No Lindsay Lohan, but the QE2 proves to be the star of its own NYE party

For all the racket about LiLo and Pamela Anderson, both supposedly 'confirmed' for the event aboard the famous ocean liner, star spotters were instead left with a few, let's just say less-established names.

It's a dangerous game brandishing the power of "celebrity appearances" to help promote your party, as the organisers of the New Year's Eve bash on the QE2, Global Events Management, can no doubt confirm. For all the racket about Lindsay Lohan and Pamela Anderson, both supposedly "confirmed" for the exclusive black-tie event aboard the famous ocean liner that has been docked in Dubai's Port Rashid for the past three years, star spotters were instead left with a few, let's just say less-established names from the international famous list.

Among the confirmed sightings on Saturday night were singer Nadine Coyle (of Girls Aloud and, of late, a less-than-enthusiastic solo career), actor Liam Cunningham (recently seen in 3D swords-and-sandals fest Clash of the Titans), Vanessa Feltz (broadcaster and, according to a 2003 list, "93rd Worst Briton") and, er, Lady Victoria Hervey, a name that might whirr up the memory banks of only those who were partial to British reality shows in the mid-noughties. Rumours of Shah Rukh Khan's waltz down the increasingly unnecessary red carpet came to nothing and British cricketer Allan Lamb could well have been there, but he's hardly a face most are likely instantly to recognise.

As for Anderson and Lohan, well, Pam was also supposed to be attending an event in Vegas (hardly a taxi ride away), while LiLo's representatives issued a "cease and desist" letter to the party planners on December 29 requesting they stop using her name. In the letter, Lohan's attorney, Stephanie Ovadia, states that the actress "will suffer harm and damage" if the company continues to use her name without permission, and that she's not afraid to sue. Oh dear.

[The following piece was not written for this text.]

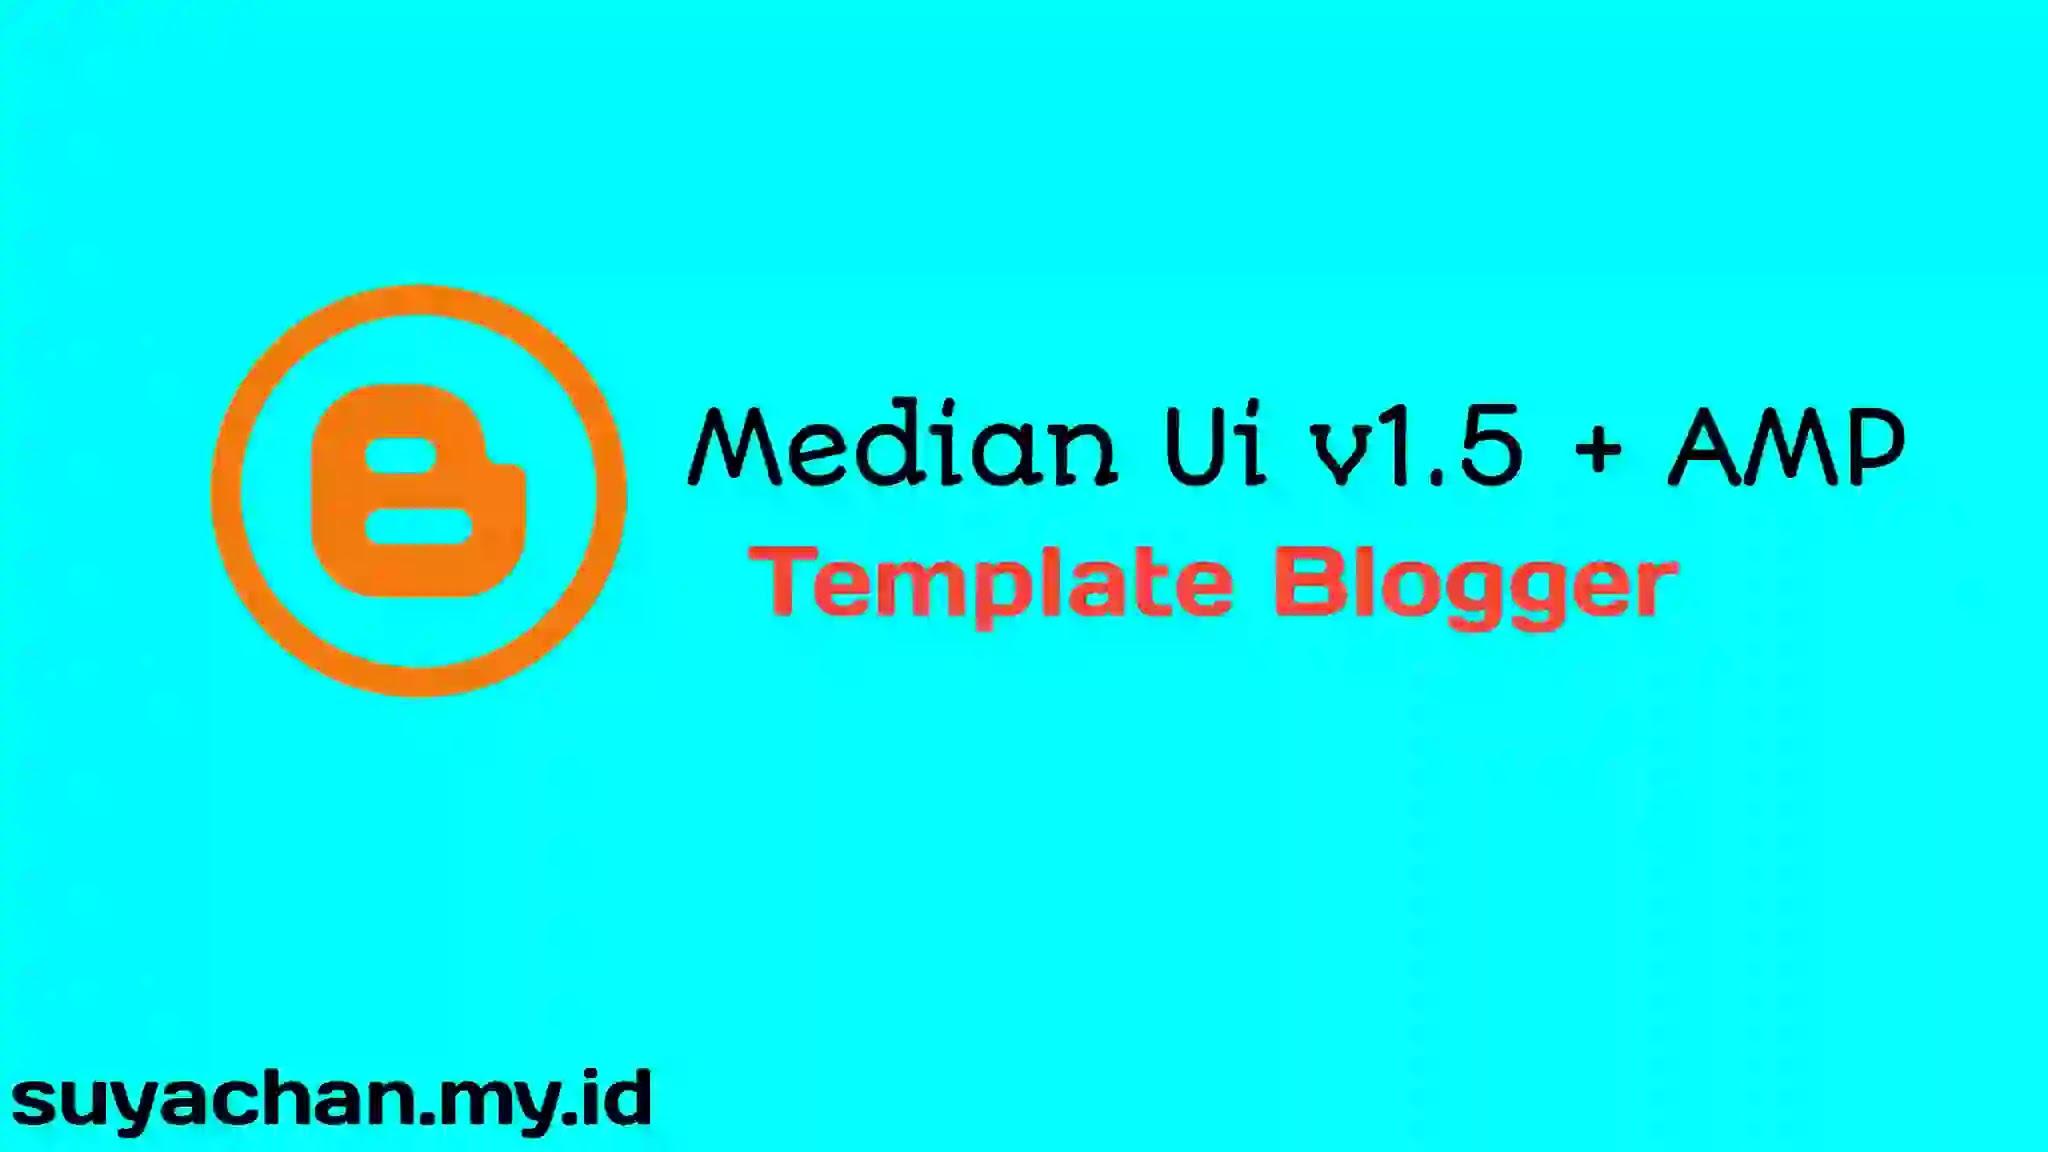 Median Ui v1.5 + AMP (Paket Lengkap)
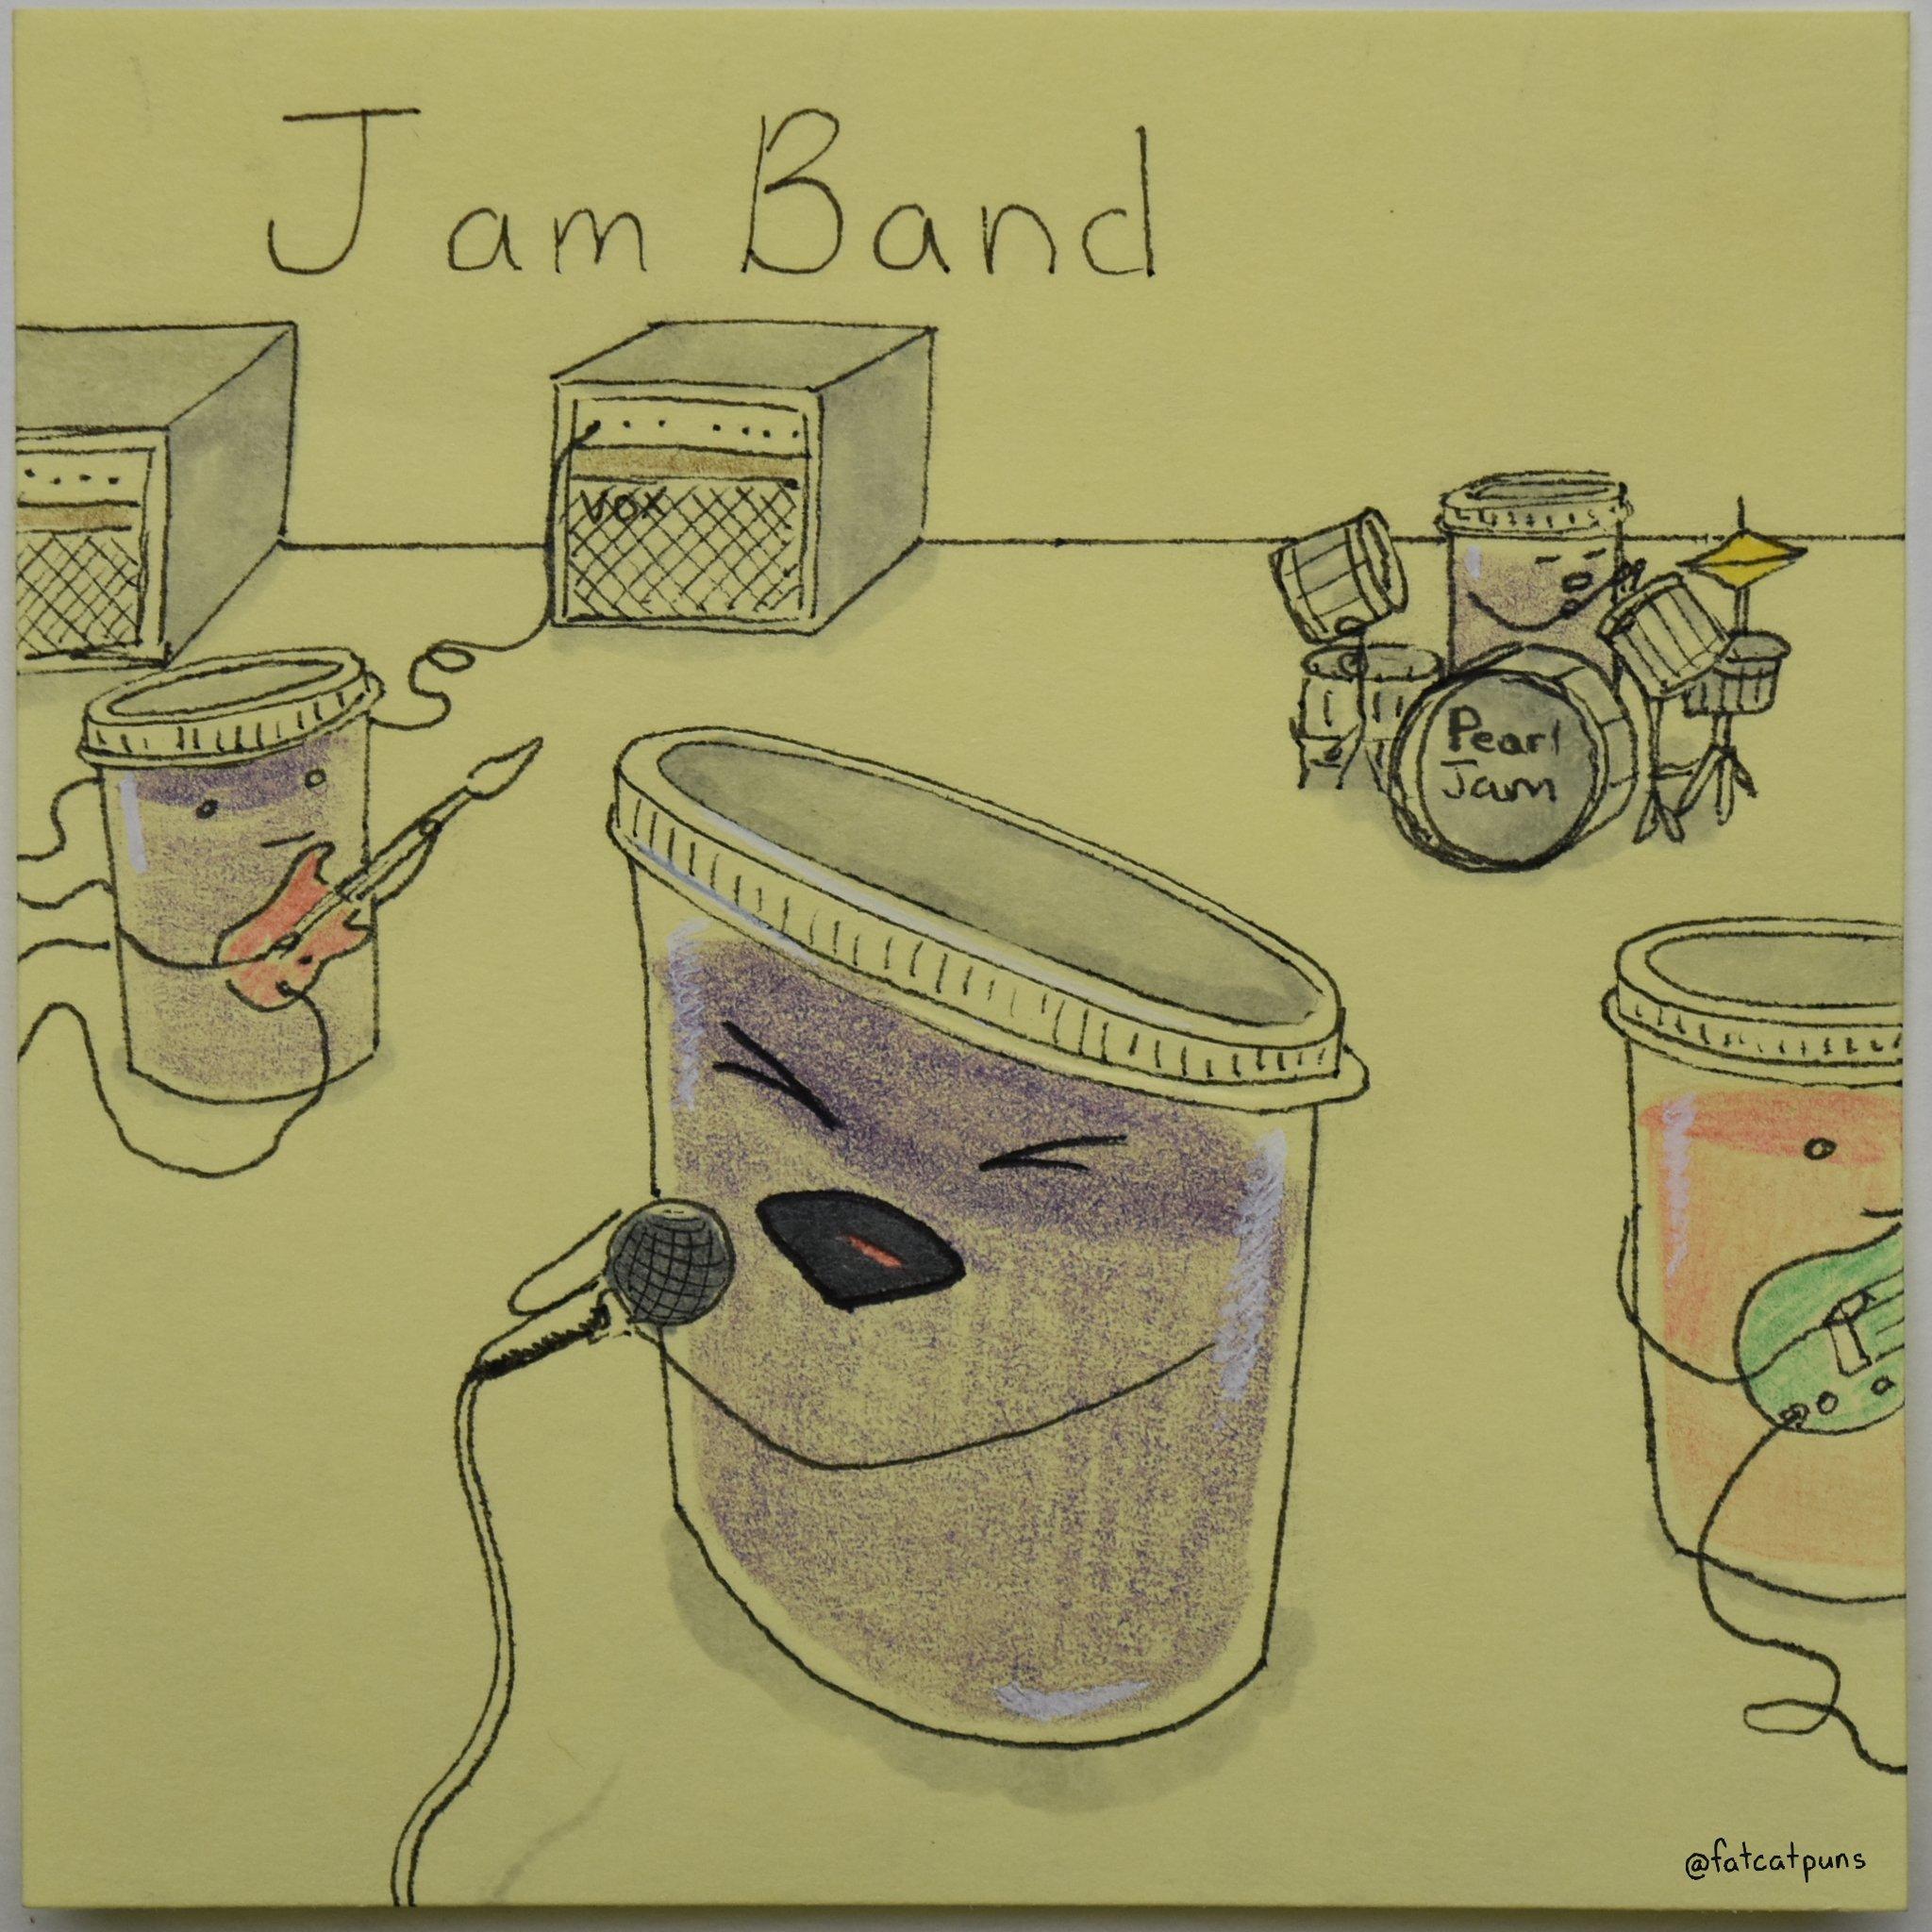 More of a #marmalade guy personally but to each there own  . . . #pearljam #pearljamfan #pearljamfamily #jam #jelly #grape #grapejam #stawberry #strawberryjam #preserves #band #jamband #jambands #jambandscene #guitarjam #drumjam #jamsession  #fatcatpuns #badpun #badpuns #badmeme https://t.co/1TcgxE5069

But celebrities don't maketh the party, and New Year's Eve still went ahead uninterrupted on-board the RMS Queen Elizabeth 2 without the presence of Baywatch's finest or the Betty Ford Clinic regular. And it's probably best that they weren't there because for a while it seemed like the shindig was vying to be the most British event in Dubai history. Aside from the obvious, the cruise liner itself (which interestingly, isn't named after the British monarch, but her mum, with the "2" signifying it as the second vessel with the name) and the Brit-tilted celeb count, a sound-and-light show screened on the side of the vessel before embarkation provided a medley of England's musical history, featuring The Beatles, Queen, Spandau Ballet, Coldplay and The Verve. The accompanying video highlighted the QE2's illustrious 43-year career carting some 2.5 million holidaymakers some six million miles (not all at the same time), but gleaned over the three years the liner has spent docked in Port Rashid.

Once finally on deck (the first two hours were spent chomping on canapés on the dock), the Britishness continued, with a performance from the genuinely awesome Bootleg Beatles, a covers band that have been doing Fab Four impressions for longer than the real deal ever managed. But Union Jacks came crashing to the ground afterwards with the distinctly unBritish yodelling of Bamboleo. Now, the line-up of cheery guitar strummers on stage were billed as The Gypsies, leaving most to assume they were a tribute act for the original Kings. But with the top-deck dance floor abuzz, it mattered not, despite organisers having brandished the actual "Gypsy Kings" as a confirmed act on the night. Still, it was The Gypsies who welcomed in 2012, with an impressive firework display off the starboard (or was it port?) side topped only by the epic show going on over at the Burj Khalifa in the distance.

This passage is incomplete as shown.